In late 2023, Dena Hernandez returned to her room inside the women’s prison in Chowchilla, Calif., and spotted a packet in the mail. It contained a letter saying the Los Angeles district attorney was looking for incarcerated women who might be eligible for shortened sentences. “Your case,” the letter read, “has been identified for initial review.”
Ms. Hernandez was in shock. She was 13 years into a 28-year prison sentence for carjacking. Hours away from her family, she had received just one visit. There were no lawyers puzzling over her case or community groups pleading for clemency.
“Is this real?” Ms. Hernandez asked her roommate.
The letter was from an organization called For the People.
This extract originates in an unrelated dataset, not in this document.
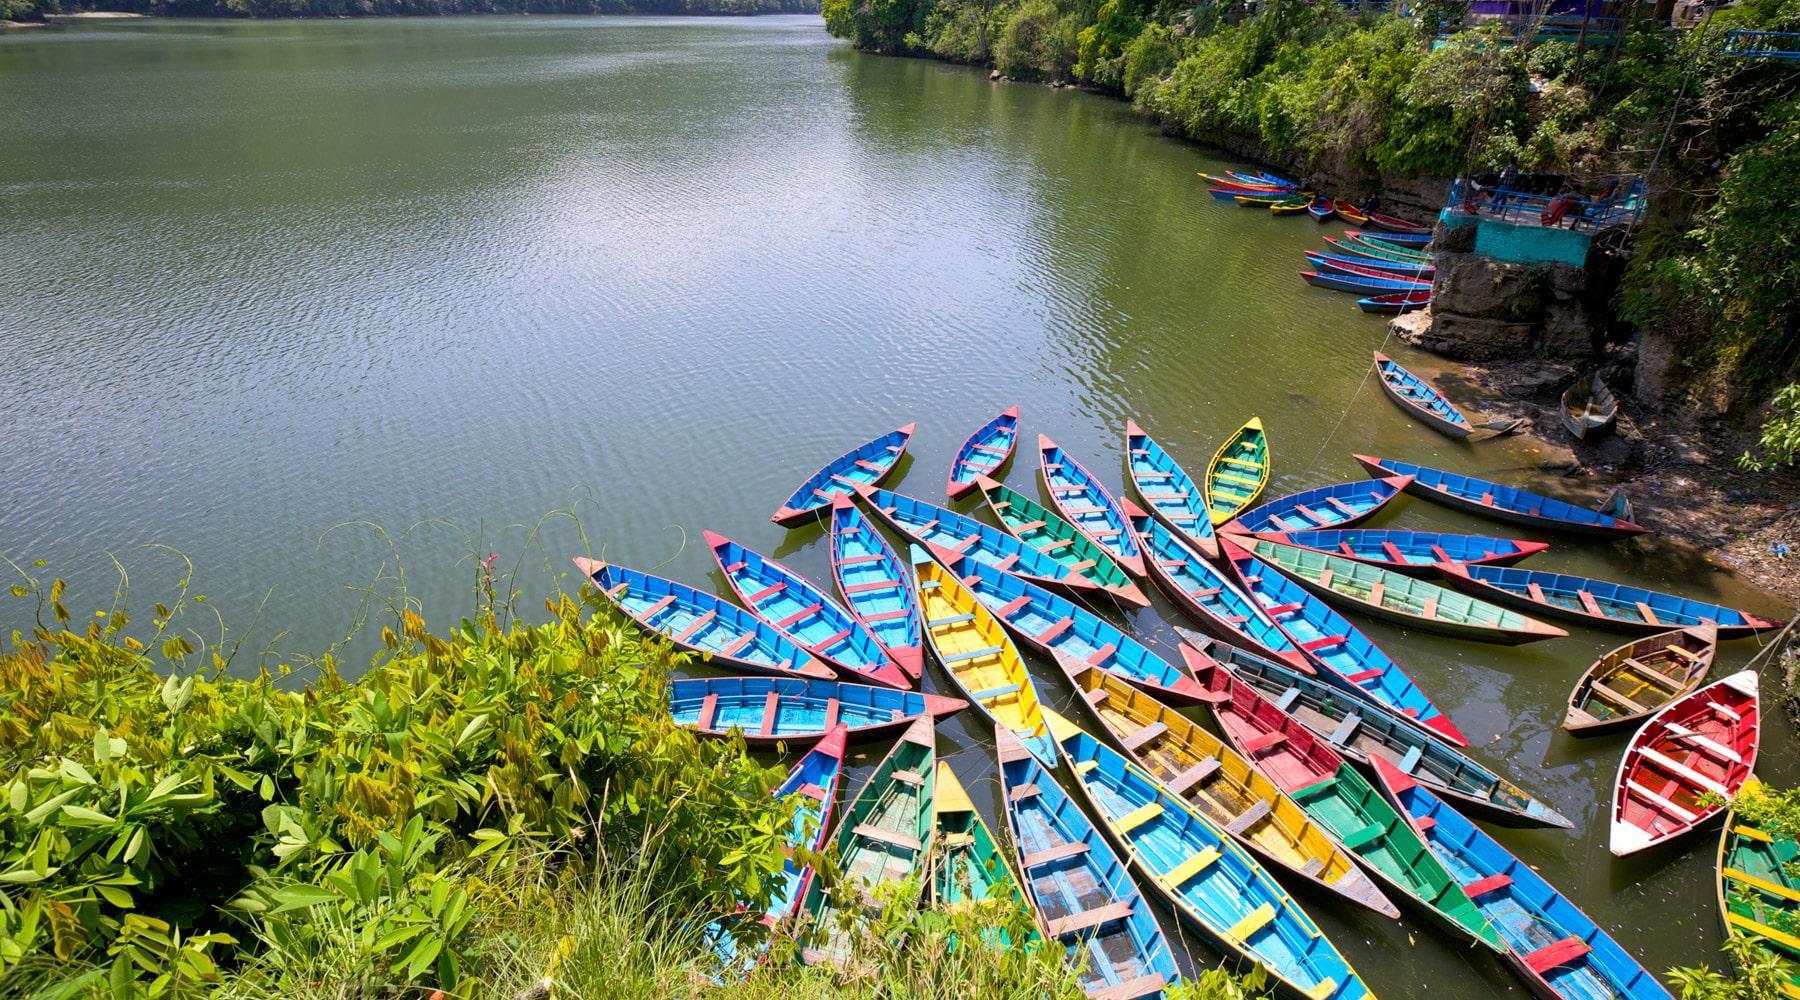 Phewa Lake – The Gorgeous Lake in Pokhara, Nepal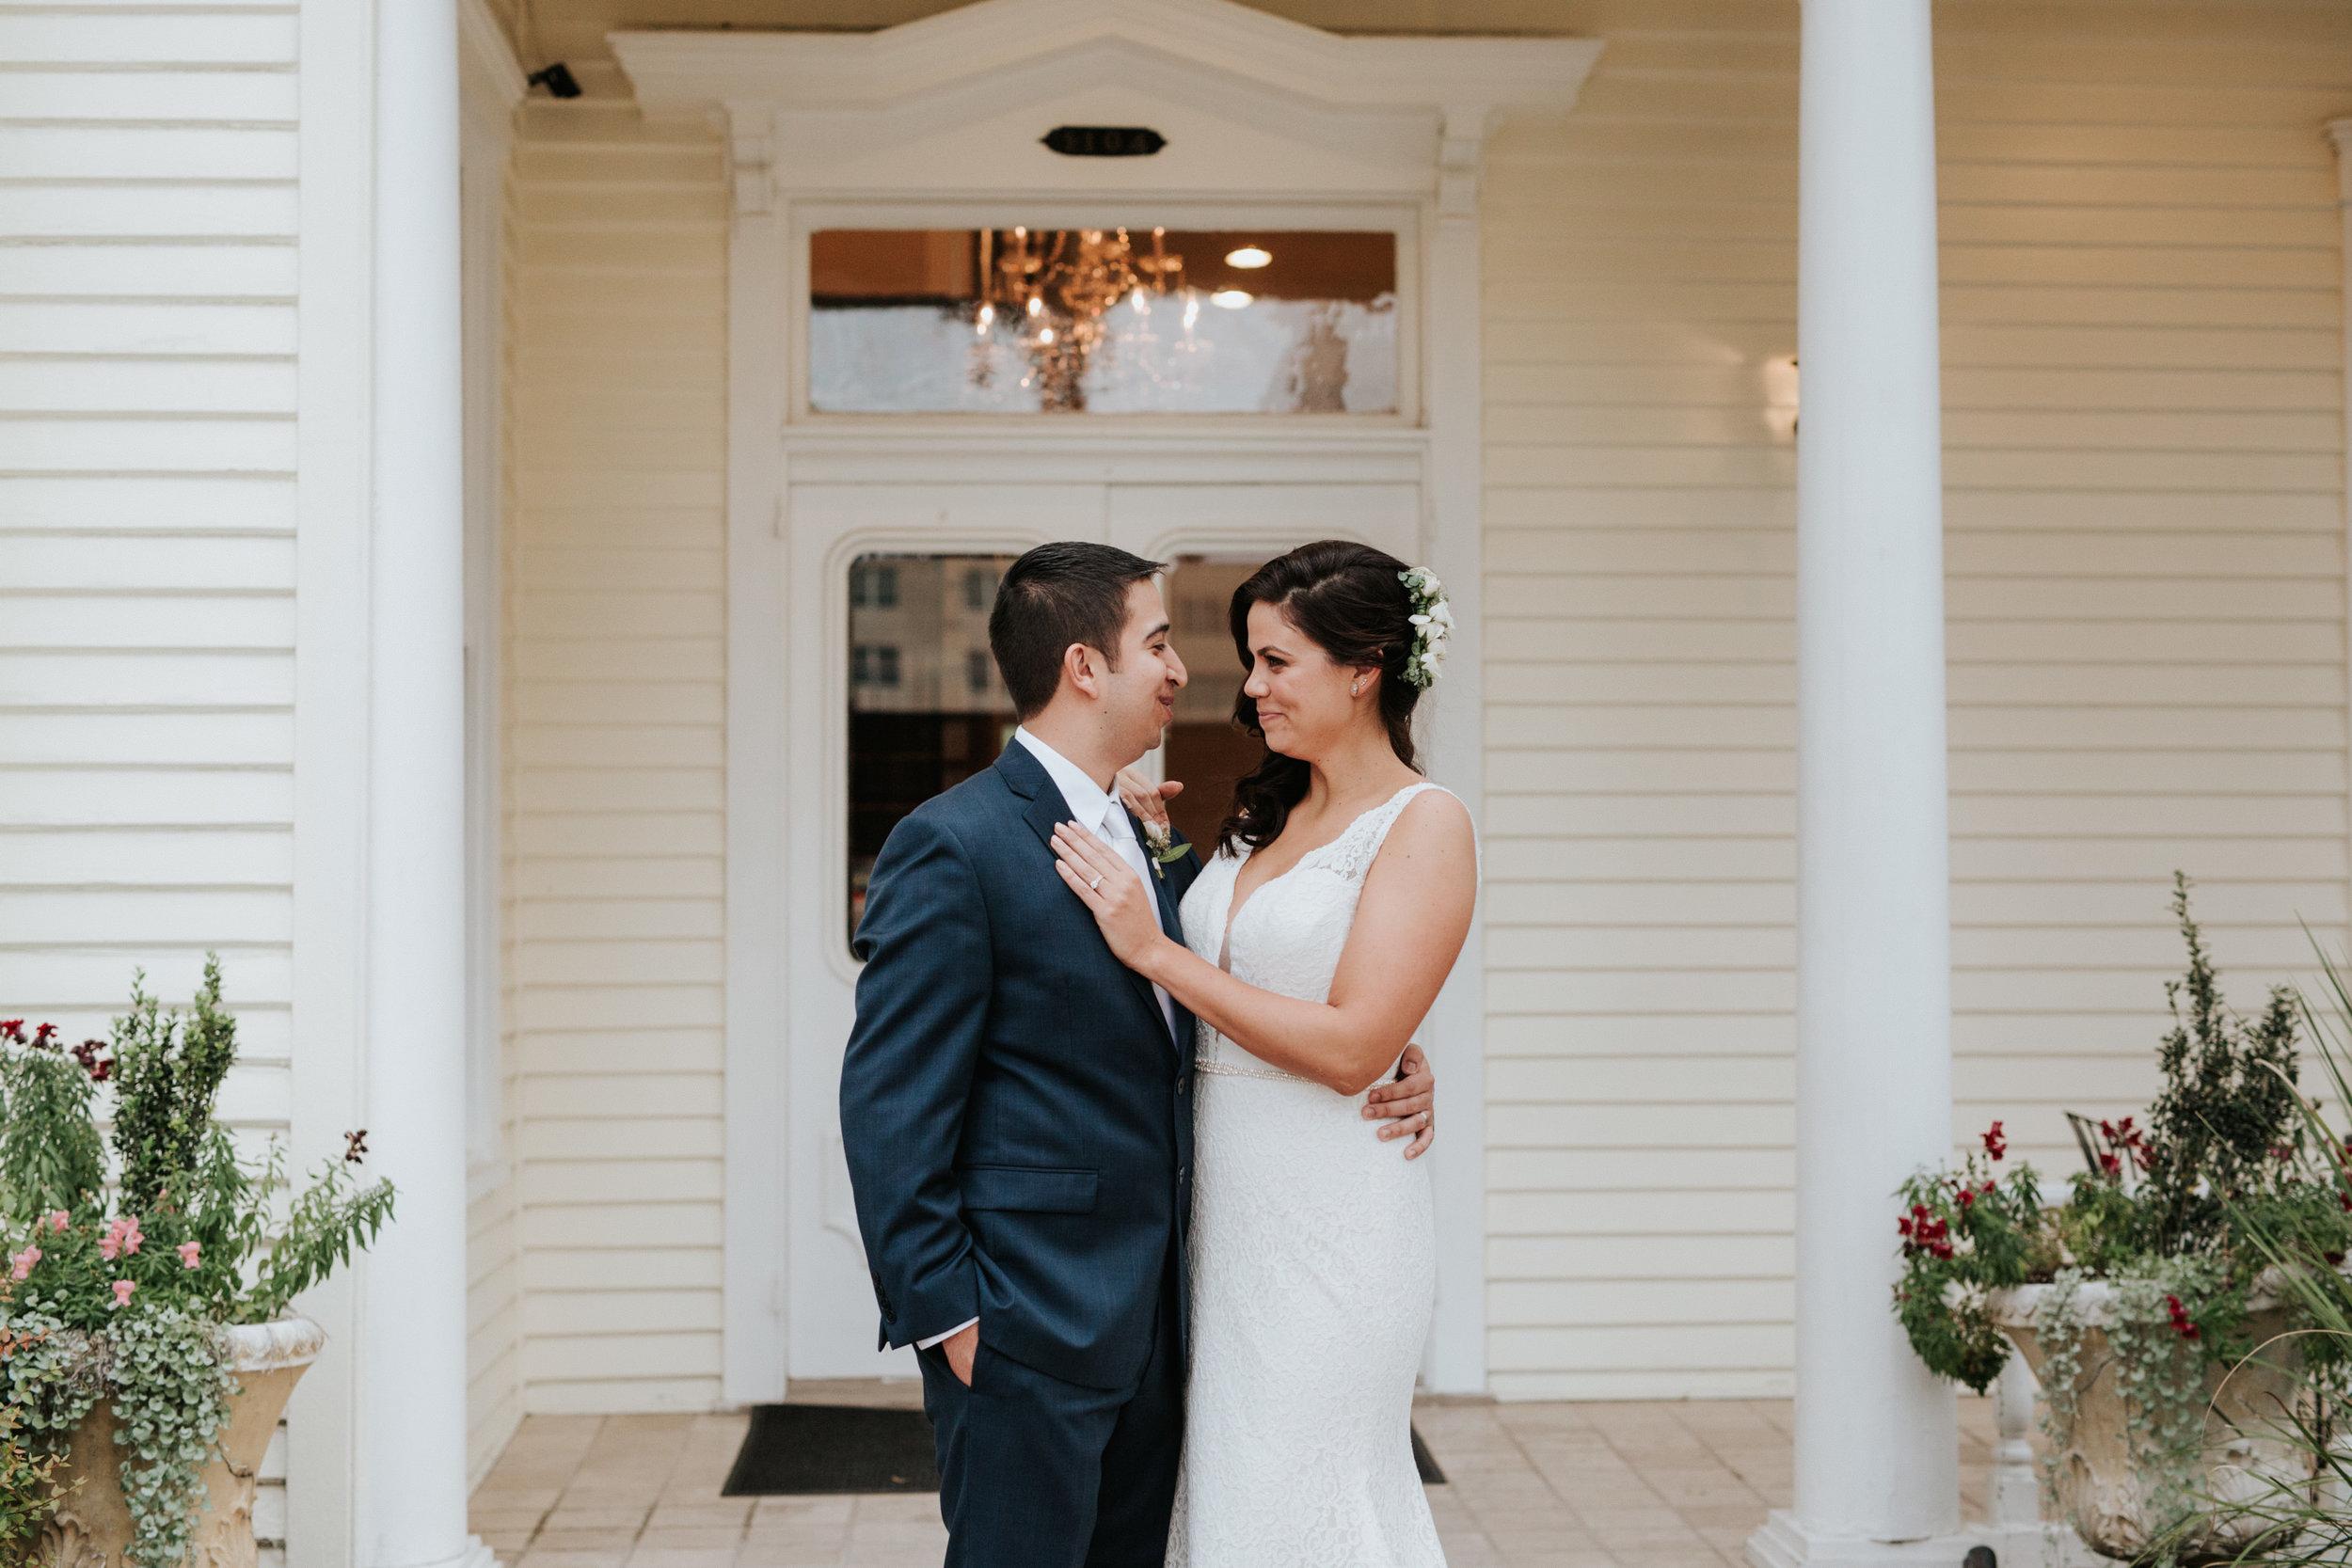 Ginny + Mando Wedding - Diana Ascarrunz Photography-928.JPG

It said there was a law in California allowing prosecutors to revisit old sentences that are “no longer in the interest of justice.” After going into effect in California in 2019, the law passed in four more states, part of a wave of criminal justice reform efforts washing over the United States.
But of all of the people who had come home under these resentencing laws, very few were women. Ms. Hernandez’s case was about to become part of an effort in California to change that.

Ms. Hernandez, 33, is stocky with square shoulders and a geometric tattoo etched into the side of her neck. Just above her right wrist is the shadow of another tattoo she removed. It once read “El Monte,” the name of the Southern California town where she grew up and the street gang that defined her childhood.